Ackman’s latest mic drop
Bill Ackman has added Microsoft to Pershing Square’s core holdings, and he’s not exactly whispering about it. The hedge fund manager says the software giant’s stake in OpenAI could be worth about $200 billion — a chunky slice of value that, in his view, the market hasn’t fully priced in yet.
Why this matters to your portfolio
This is less “random stock pick” and more “the smart-money version of, ‘Wait, this thing is on sale?’” Ackman says Pershing started building the position in February, after Microsoft’s fiscal Q2 results knocked the shares lower.

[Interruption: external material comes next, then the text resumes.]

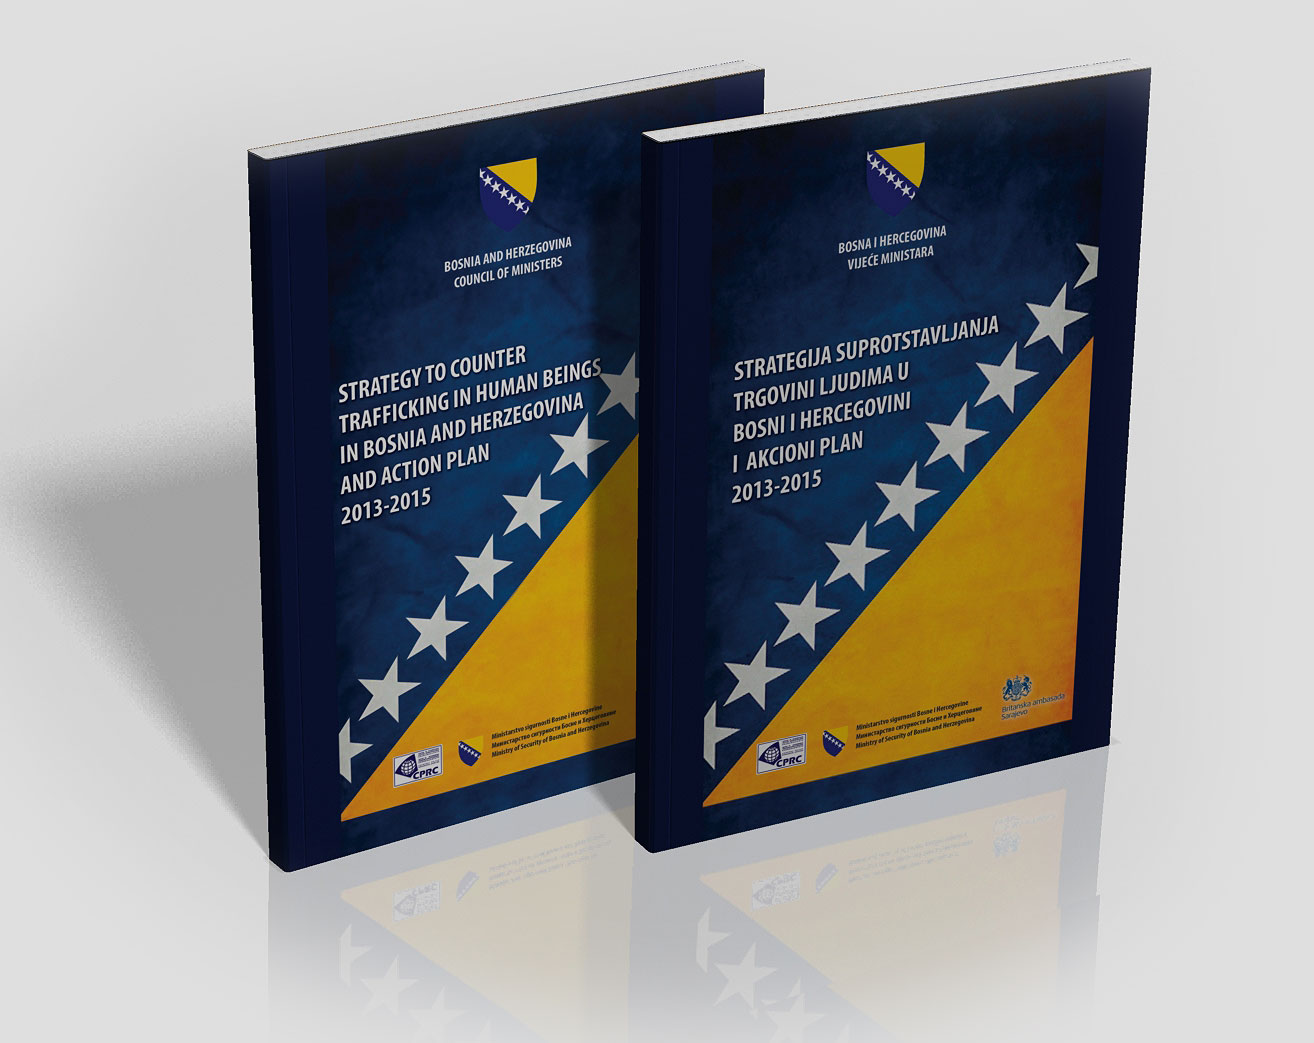 Dizajn, štampa i prelom knjige - brošure Strategija suprotstavljanja trgovini ljudima u Bosni i Hercegovini, Ministarstvo sigurnosti BiH

Since then, the stock has still been under pressure, down 12% year to date and more than a quarter off its peak.
The AI math is doing a lot of lifting
Ackman’s pitch is that Microsoft looks expensive only if you squint at the headline multiple and ignore the OpenAI stake. He also likes the company’s shift toward a hybrid pricing model in Microsoft 365, where AI usage can generate more revenue instead of being trapped in old-school per-seat pricing.
Meanwhile, Azure is still flexing, Copilot is getting pushed hard by CEO Satya Nadella, and Microsoft is throwing serious cash at capex — about $190 billion for calendar 2026, with most of it aimed at servers and networking gear.
Big picture
If Ackman is right, Microsoft isn’t just a cloud-and-office giant anymore. It’s a giant with a giant AI option attached — and that’s the kind of setup investors love to overthink until the stock starts moving again.